Per quanto riguarda il Senato, gli 83 seggi proporzionali venivano assegnati, secondo il dettato costituzionale, su base regionale. In ogni Regione venivano assommati i voti di tutti i candidati uninominali perdenti che si fossero collegati in un gruppo regionale, ed i seggi venivano assegnati utilizzando il metodo D’Hondt delle migliori medie: gli scranni così ottenuti da ciascun gruppo venivano assegnati, all’interno di essa, ai candidati perdenti che avessero ottenuto le migliori percentuali elettorali. Ancor più che alla Camera, ove lo scorporo era parziale, lo scorporo totale previsto per il Senato faceva funzionare la quota proporzionale di fatto come una stramba quota minoritaria, in aperto contrasto con l’impianto generale della legge elettorale.

La cosa curiosa però è che la Lega Nord proponga di abolire il porcellum presentato dallo stesso Calderoli.

IL MOVIMENTO CINQUE STELLE VA OLTRE: ISTITUIAMO IL VOTO DI PREFERENZA SIA ALLA CAMERA CHE AL SENATO

I senatori del Movimento Cinque Stelle sono andati oltre il Mattarellum, che tra i suoi difetti ha anche quello di non poter scegliere direttamente chi mandare in parlamento e chi a casa. Il sistema uninominale infatti non prevede che a scegliere chi votare siano i cittadini ma, come avviene con il porcellum, la scelta rimane nelle mani dei partiti.

Per questo il capogruppo al Senato Vito Crimi ha pensato bene di presentare una proposta di legge che va al di la di quelle che il governo vuole portare a termine. Si tratta di articoli di legge che oltre al metodo di voto affrontano anche lo spinoso tema dell’incandidabilità.

Nel primo articolo si parla di incandidabilità per chi ha già ricoperto per due legislature incarichi parlamentari e per chi è stato condannato in maniera definitiva per delitto non colposo ovvero a pena detentiva superiore a dieci mesi e venti giorni di reclusione.  La condizione di impossibilità di entrare nelle liste elettorali scatta dal giorno dopo la condanna definitiva e dura fino alla morte.

Agli articoli 4 e 5 poi si vede il nuovo sistema di voto che il Movimento vorrebbe introdurre. Per la Camera dei Deputati prevede che l’elettore possa procedere a due operazioni per scegliere chi li rappresenterà a Montecitorio.
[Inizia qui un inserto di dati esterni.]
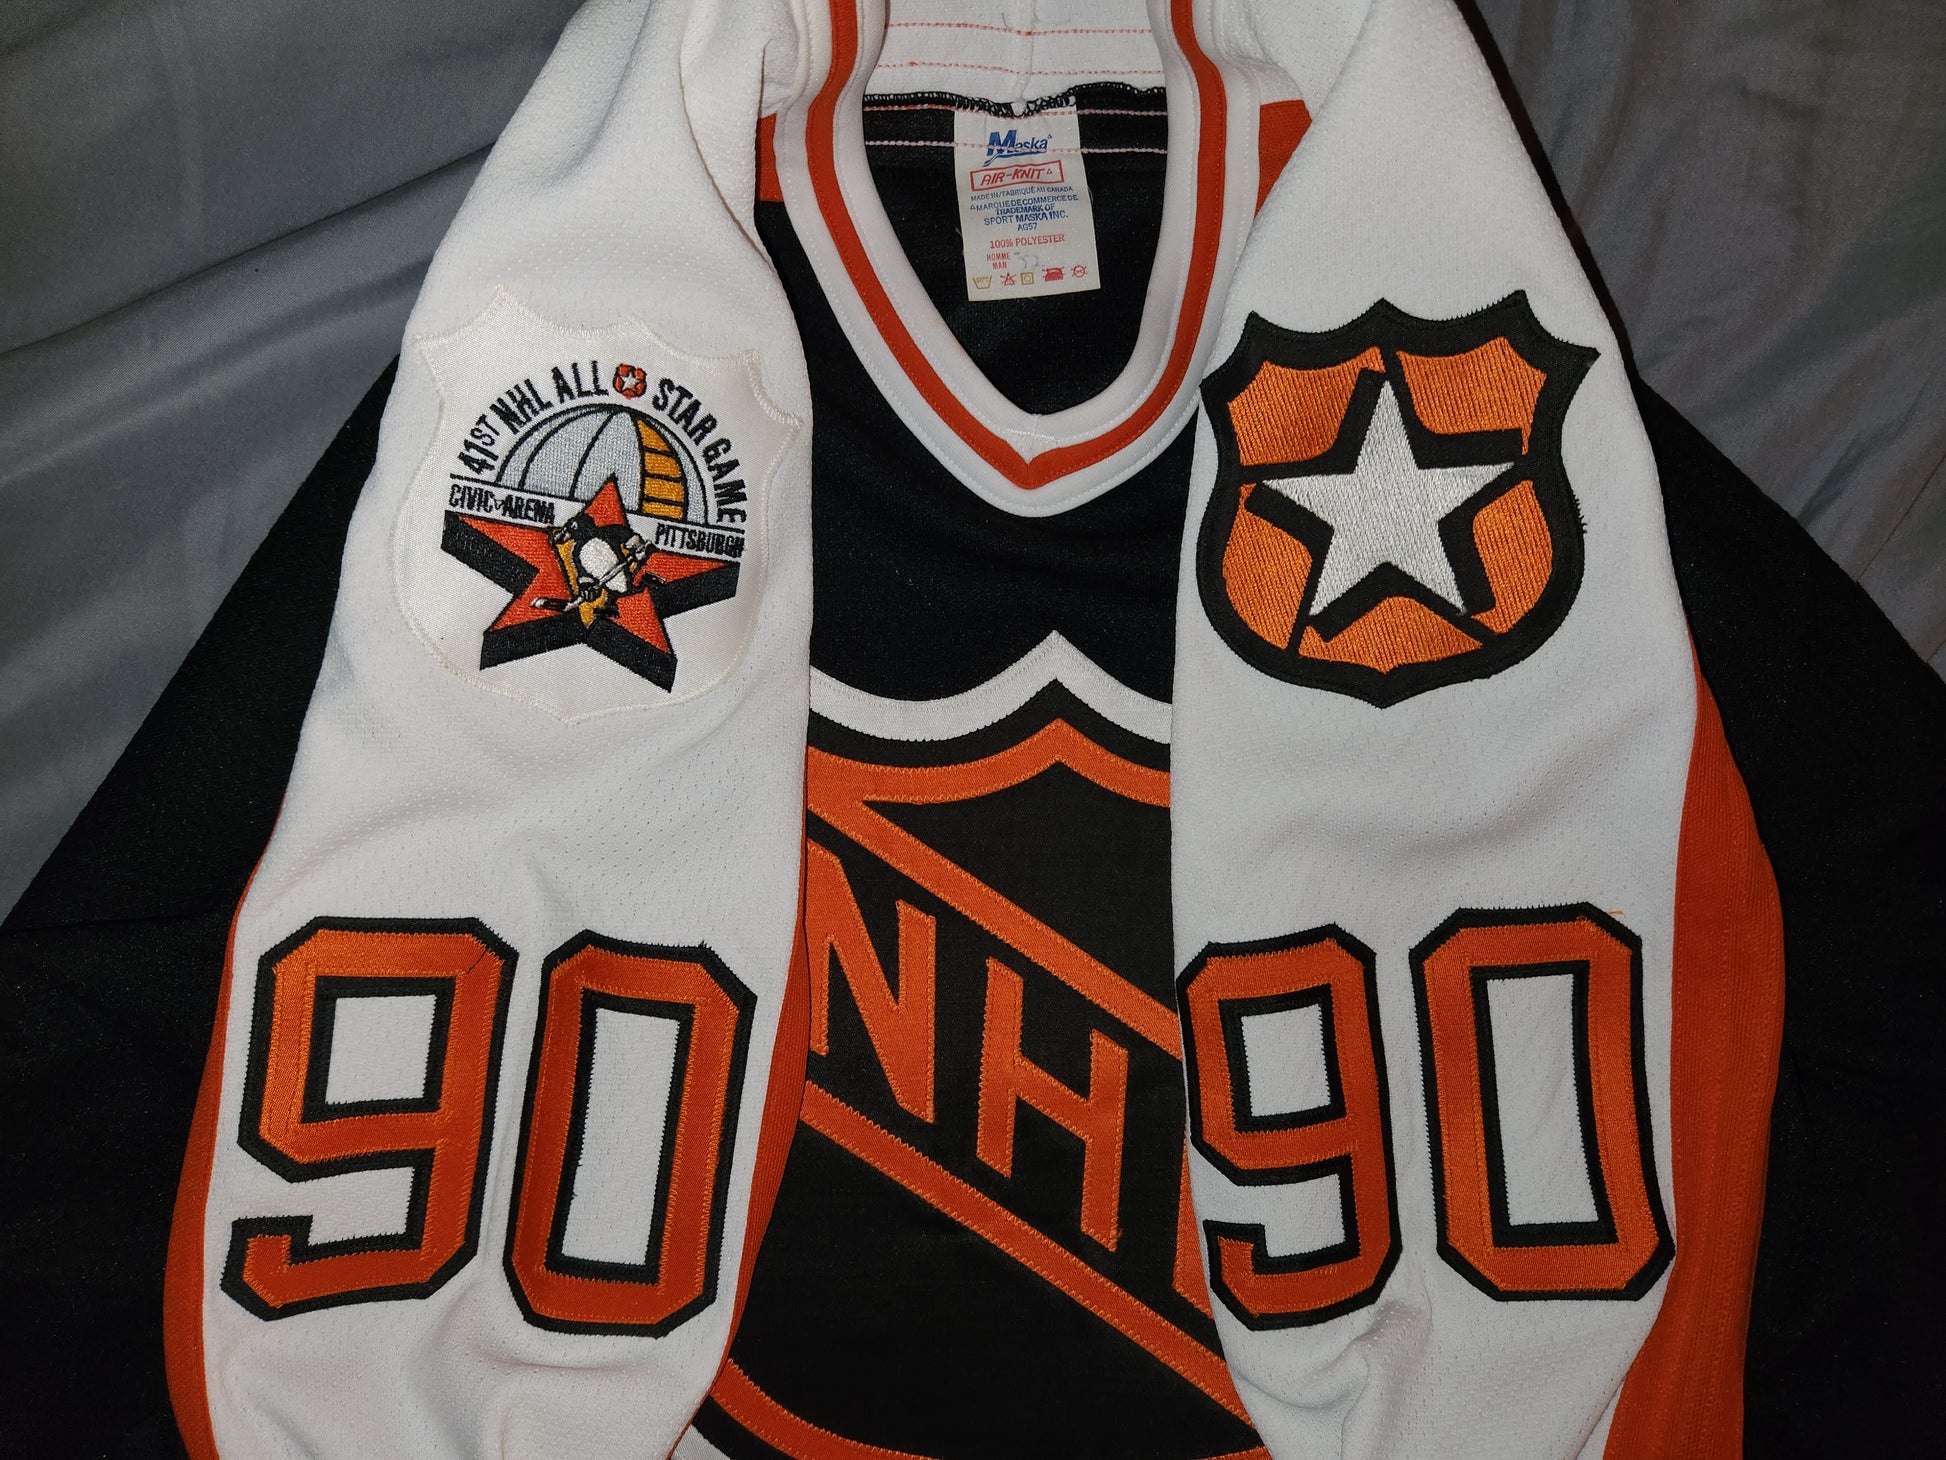 ALEX TREBEK 90 NHL ALL STAR GAME PITTSBURGH 1990 AUTHENTIC CCM HOCKEY –  DSPthrift

Nel primo riquadro della scheda la possibilità di indicare con un segno secco il partito che si intende votare. Al fianco poi un rigo sul quale poter inserire la preferenza per il deputato che si vuole nell’emiciclo del parlamento. Dopo una serie di nozioni tecniche sulla composizione della scheda, che deve riportare l’elenco dei simboli in maniera verticale, c’è poi l’impossibilità del voto disgiunto così come previsto alle elezioni regionali e comunali. Ad esempio chi sceglie il Movimento Cinque Stelle deve altresì indicare nella preferenza candidati della stessa lista.

La vittoria verrebbe così attribuita: “ Il presidente dell’Ufficio centrale circoscrizionale, ricevute da parte dell’Ufficio centrale nazionale le comunicazioni di cui all’articolo 83, comma 6, proclama eletti, nei limiti dei seggi ai quali ciascuna lista ha diritto, i candidati che hanno conseguito le cifre individuali più elevate sulla base della graduatoria di cui all’articolo 77, nu-mero 1-ter). A parità di cifra individuale, è proclamato eletto il candidato più giovane di età”.

Stesso modo di voto anche per il Senato della Repubblica sia per quanto riguarda le preferenze che la modalità di proclamazione degli eletti.


LO STRANO SILENZIO DEL PDL: VORRA’ IL PORCELLUM PER CONTINUARE A CONTROLLARE SENZA VINCERE?

berlusconi_silenzio_legge_elettoralePer ora l’unico partito che non ha presentato nessuna proposta di legge è proprio il Pdl. Non risulta infatti nessun atto ufficiale alla Camera o al Senato riguardo alla legge elettorale eppure stando ai proclami su giornali e televisioni sembrerebbe essere il primo interessato al cambiamento.

La domanda che noi ci poniamo è questa.  Se la legge elettorale va cambiata entro l’estate e i berlusconiani ancora non hanno mosso un dito in tal senso non può significare che forse il porcellum a loro sta bene così com’è?

Possibile considerando che proprio grazie a questo sistema elettorale, senza aver vinto né alla Camera né al Senato si trovano al governo del Paese decidendone in pratica le sorti. Cosa che potrebbe accadere anche la prossima volta qualora non cambiasse nulla. Nei prossimi giorni forse avremo risposta a questo imbarazzante quesito.